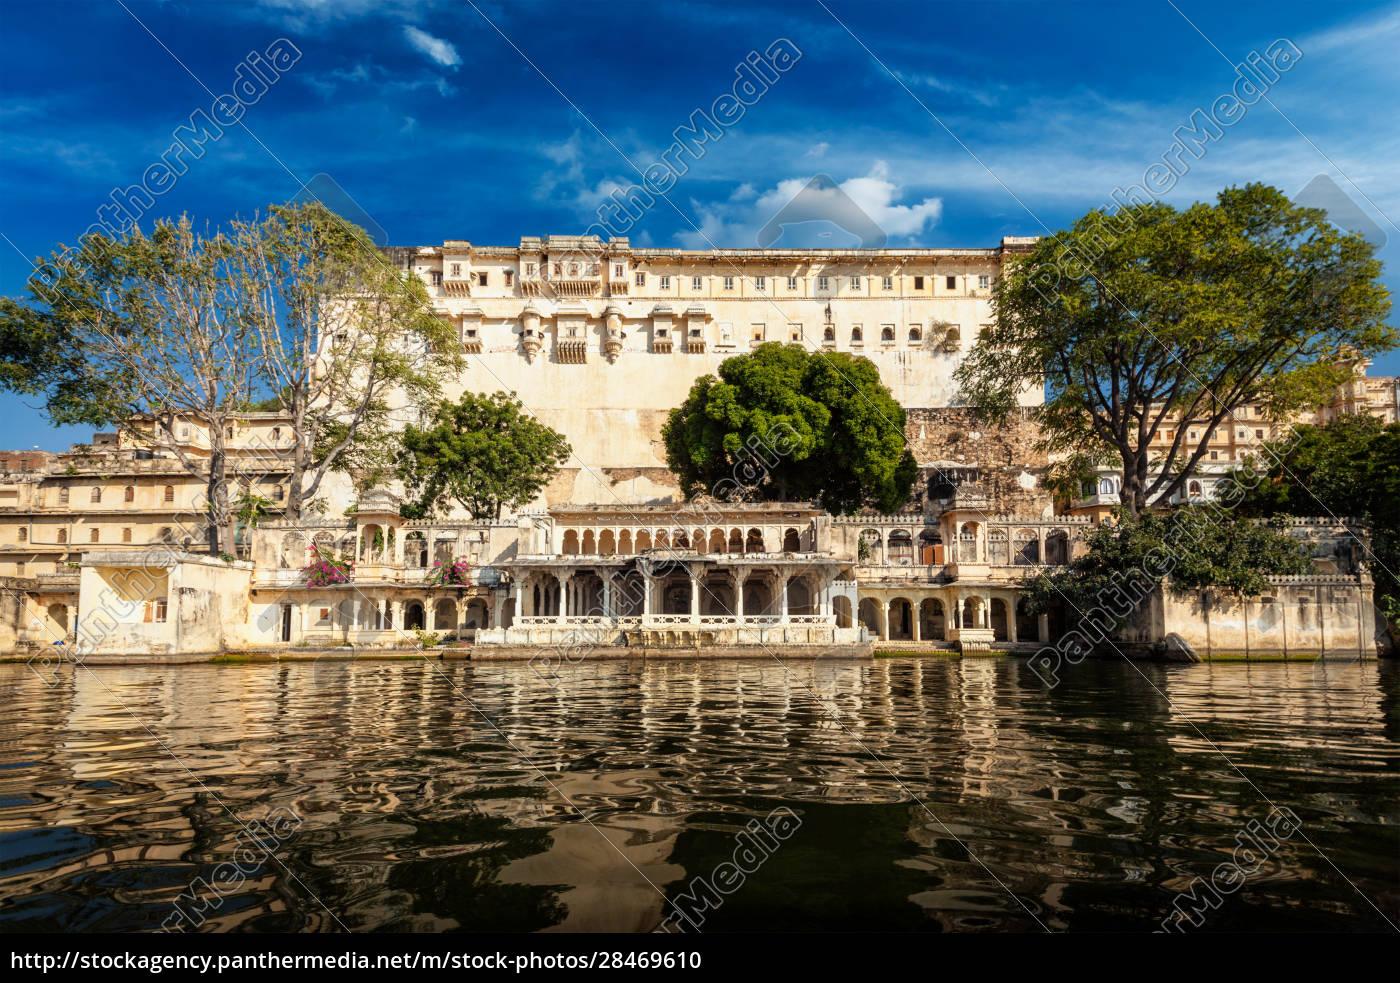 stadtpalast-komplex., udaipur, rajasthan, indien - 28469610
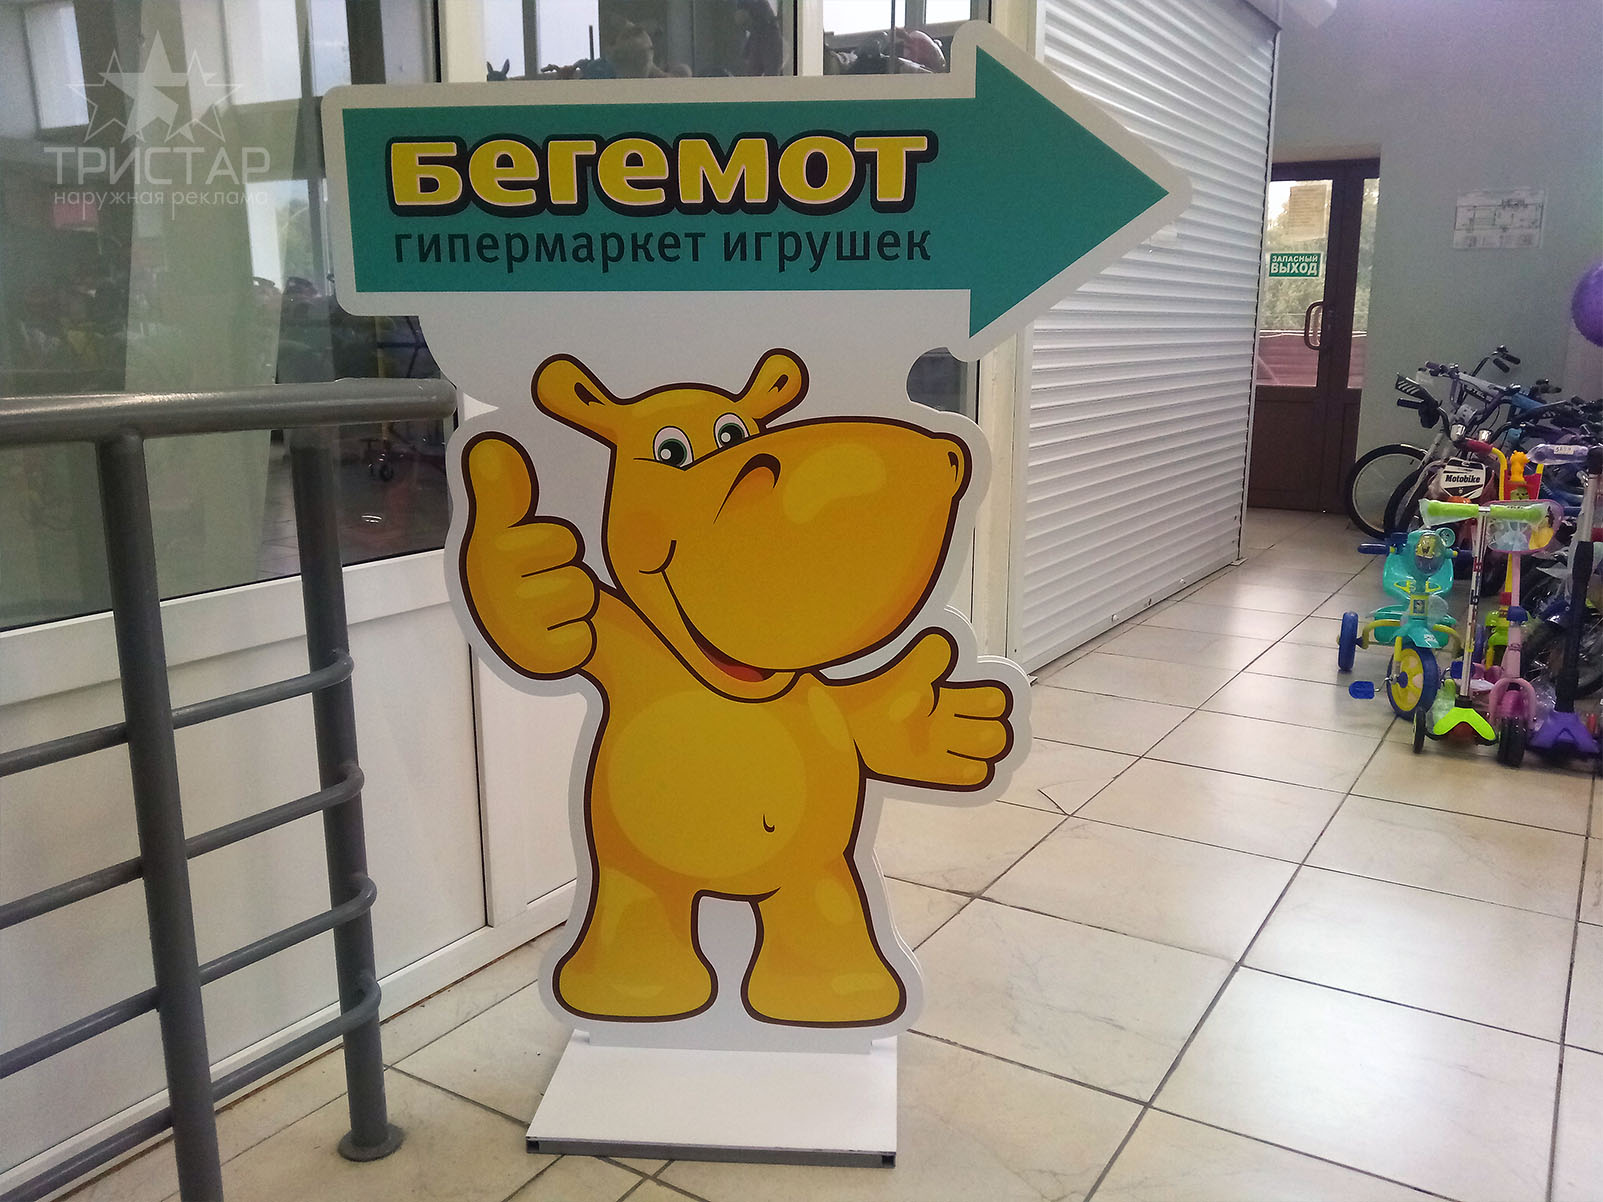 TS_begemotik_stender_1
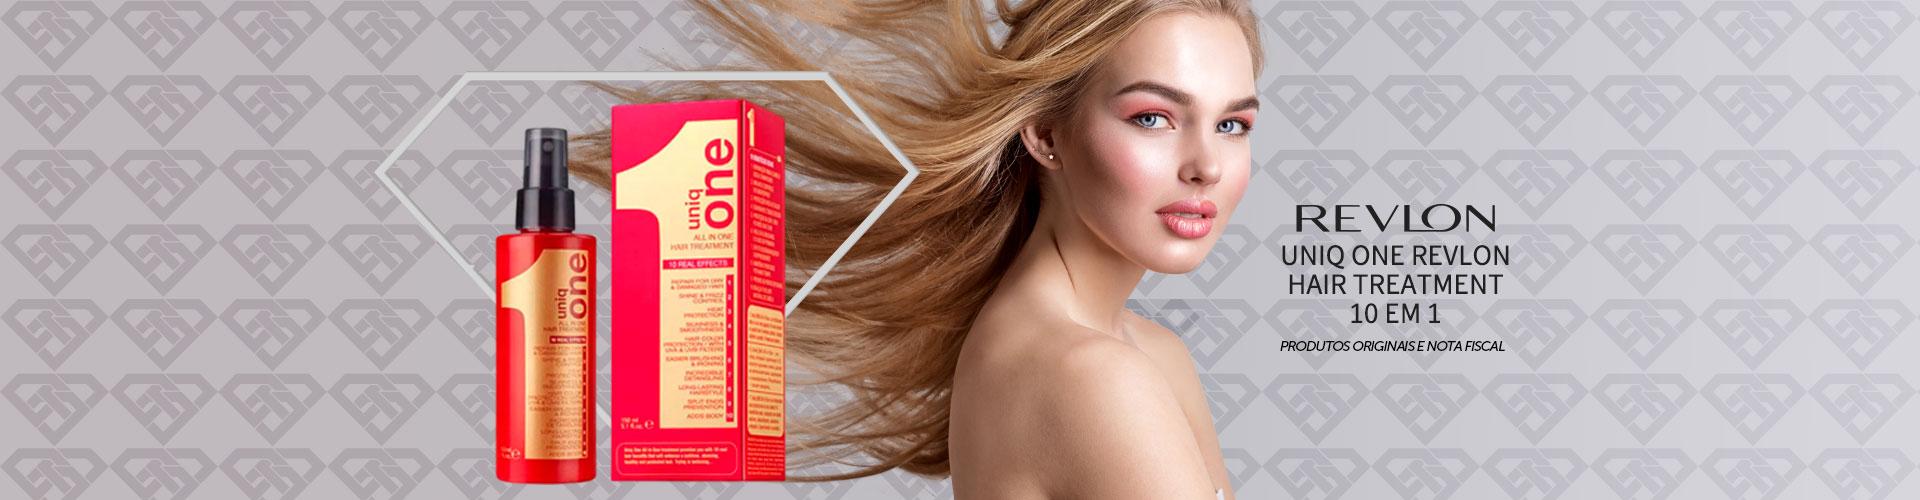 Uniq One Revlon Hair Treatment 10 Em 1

ACTIVITY: Return to the listing above and set it down exactly, leaving out its pictures.

RESPONSE AREA:
 stadtpalast-komplex., udaipur, rajasthan, indien - 28469610
 TS_begemotik_stender_1
 Uniq One Revlon Hair Treatment 10 Em 1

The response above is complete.